Many patients also had other co-occurring health conditions (comorbidities), most commonly diabetes (27.6%), chronic lung disease (23.8%), heart failure (23.1%), and chronic kidney disease (14.7%).

Hospital stays lasted a mean of 8.6 days, and 5.9% of patients required intensive care. Overall, 892 hospital admissions (4.7%) resulted in death during the hospital stay. Among those who died, more than half (52.1%) were women, and the mean age was 72.9 years.

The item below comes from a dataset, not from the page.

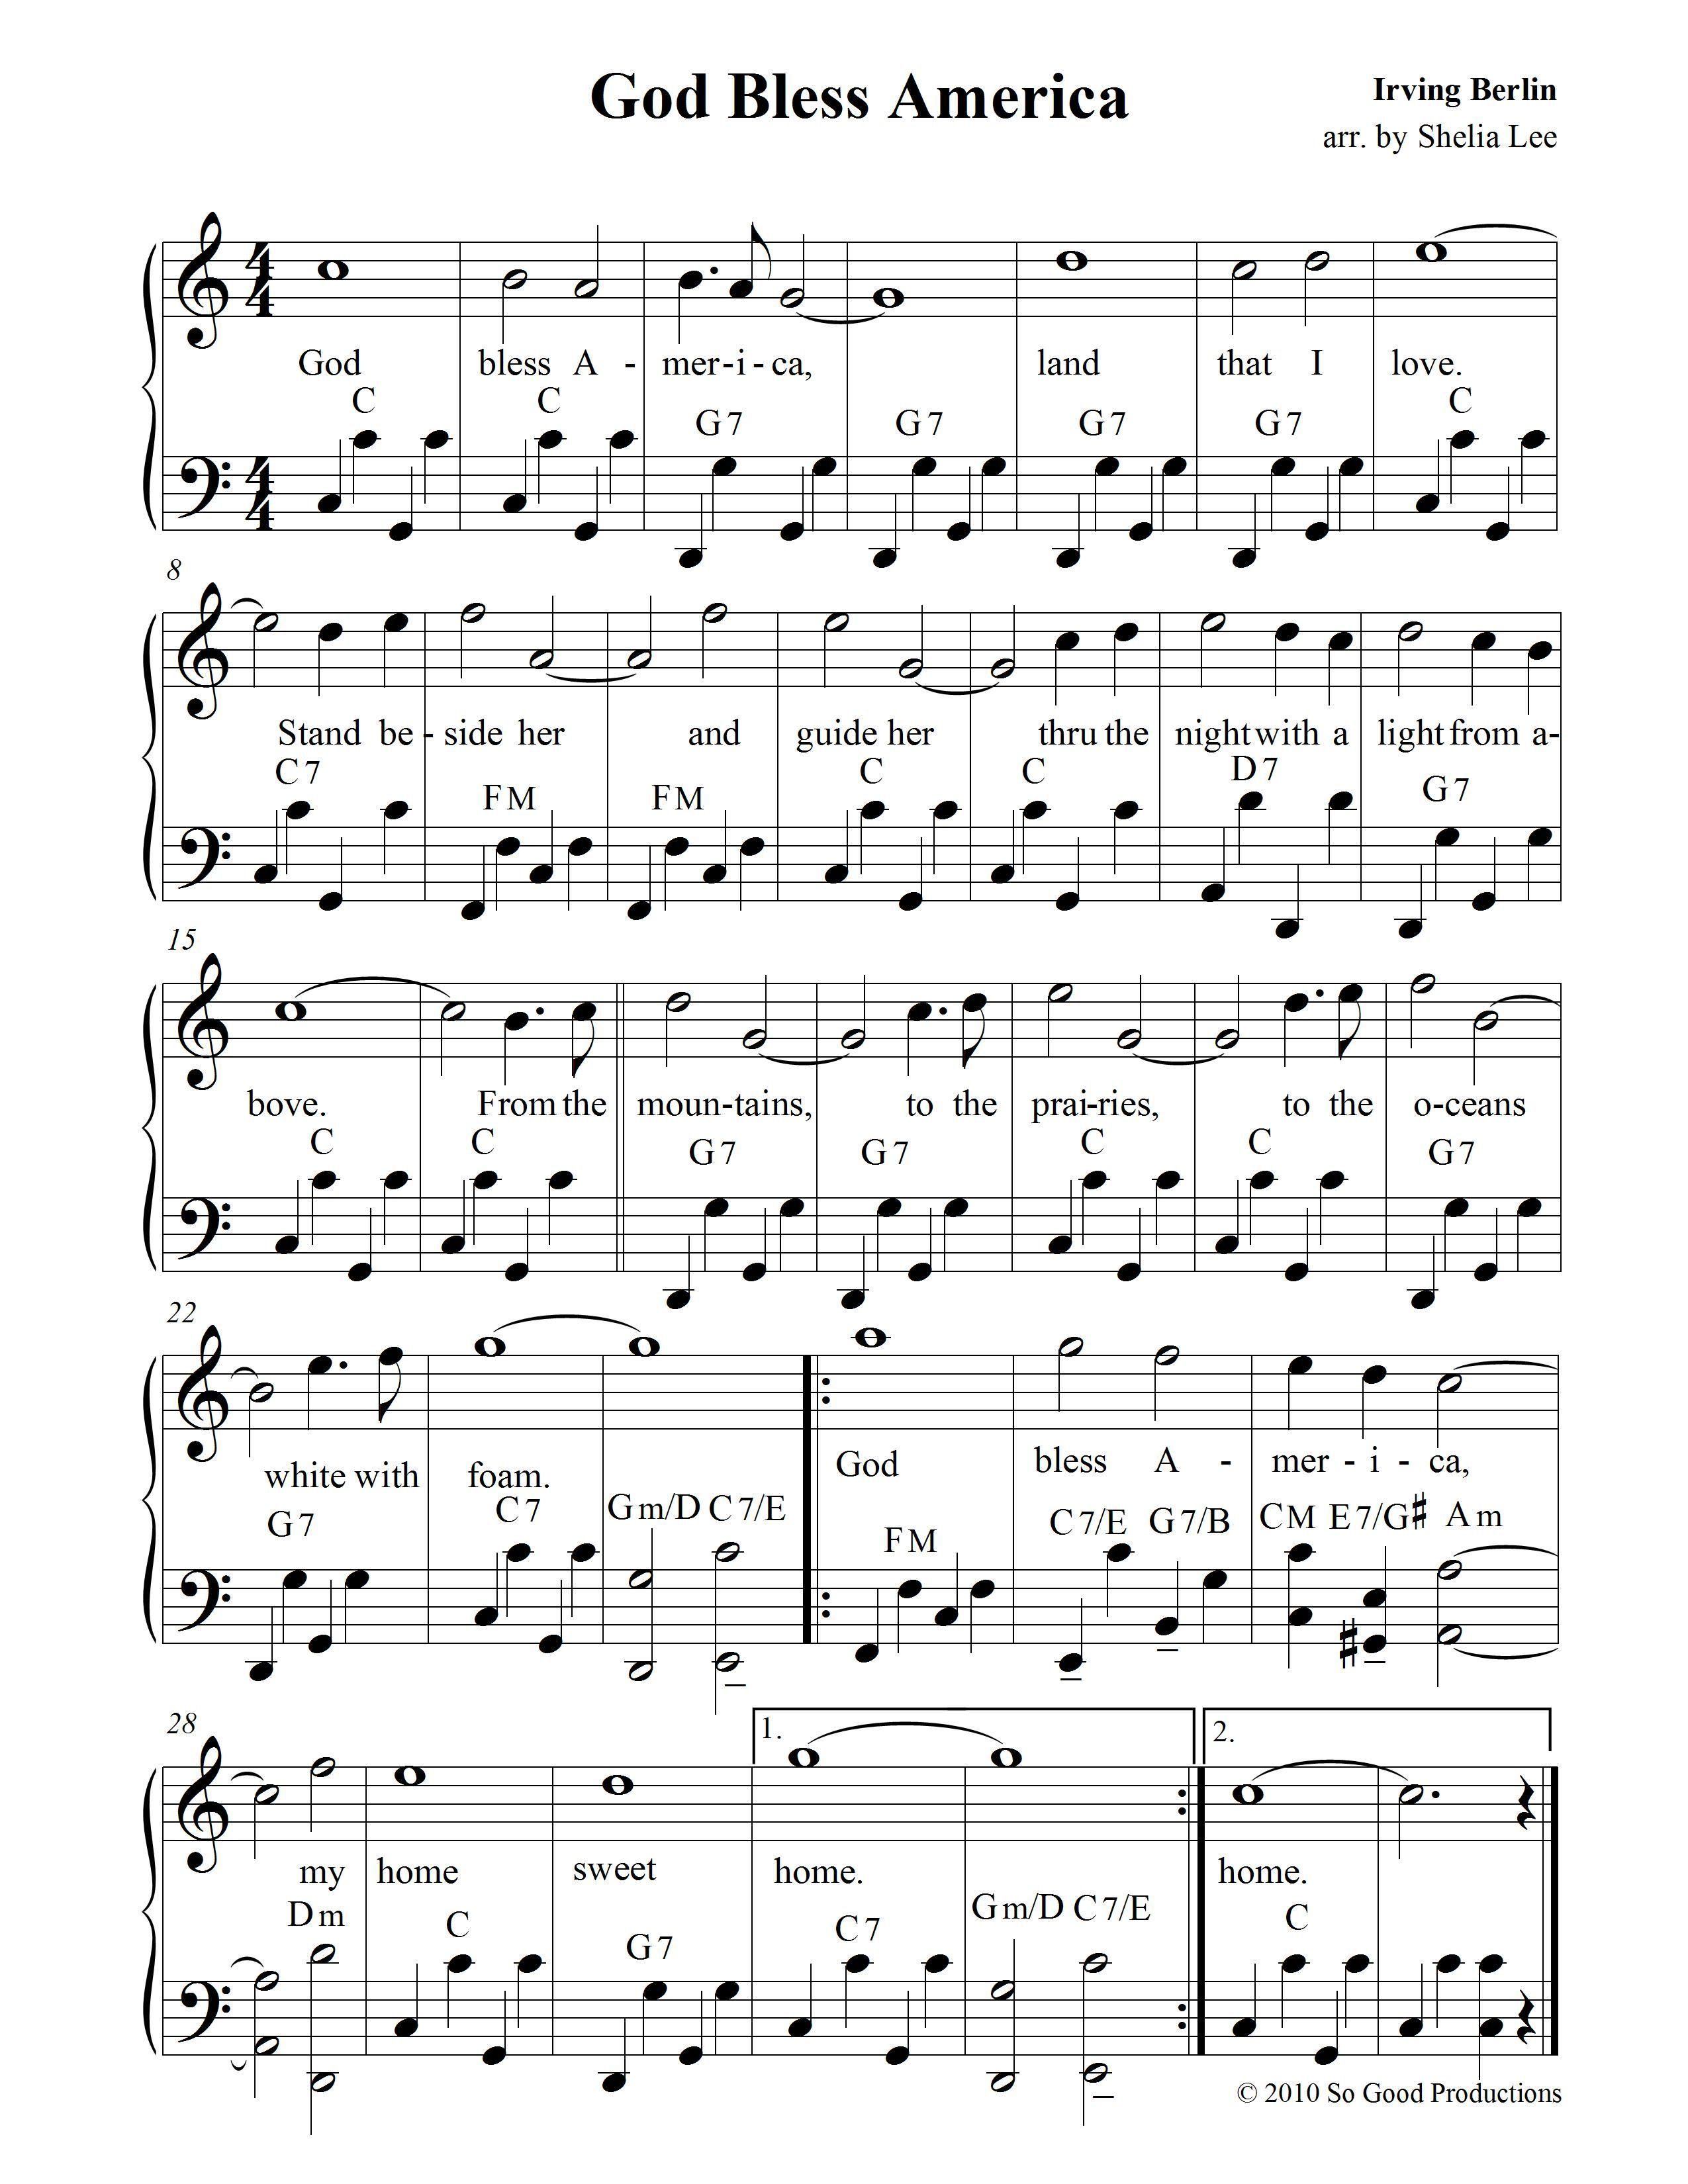 God Bless America Sheet Music Free

Infections are leading cause of admission and death

The most common reason for hospital admission was infections (21%), followed by sarcoidosis itself (16.4%), cardiovascular disease (12.7%), and cancer (7.1%). Participants admitted due to sarcoidosis were significantly younger (54 years vs. 64.7 years) and had significantly fewer or less severe comorbidities than those hospitalized for other reasons.

Infections were the leading cause of death among hospitalized sarcoidosis patients (32.1%), followed by cardiovascular disease (16.3%) and cancer (12.4%). These conditions were associated with in-hospital fatality rates of about 6% to more than 8%.

Although VTE accounted for only 1.6% of deaths, it carried a relatively high case fatality rate of 6.6%, despite being uncommon among hospitalized patients.

Sarcoidosis itself was the direct cause of death in 7.6% of cases and was associated with a relatively low case fatality rate of 2.2%.

“Greater knowledge of the disease, early diagnosis, and timely initiation of immunosuppressive treatment when indicated may explain the lower mortality directly related to sarcoidosis activity,” the researchers wrote. “However, chronic inflammation, increased comorbidities, and immunosuppressive therapy likely contribute to higher mortality from infections, [cardiovascular disease], and [cancer].”

Several factors associated with higher risk

Statistical analyses showed that several factors were independently associated with a higher risk of dying in the hospital among people with sarcoidosis.

Admission due to infections was the most significant risk factor, more than doubling the risk, followed by lung fibrosis and admission due to VTE, both of which were significantly associated with about a twofold higher risk.

Admission due to cancer was linked to a 77% higher risk of death, while admission due to cardiovascular disease was associated with a 56% higher risk. Having more or more severe comorbidities was linked to a 30% higher risk of death, and having pulmonary sarcoidosis without fibrosis increased the risk by about 20%.

Risk factors differed among patients who died due to sarcoidosis itself. These included being male and having pulmonary sarcoidosis — linked to a 1.67 to twofold higher risk — as well as having lung fibrosis and involvement of the central nervous system, each associated with more than a fivefold higher risk.

“Preventive measures—such as up-to-date vaccination schedules, appropriate management and control of cardiovascular risk factors, prevention and monitoring of VTE, and cancer screening programs, may help reduce mortality in this population,” the researchers concluded.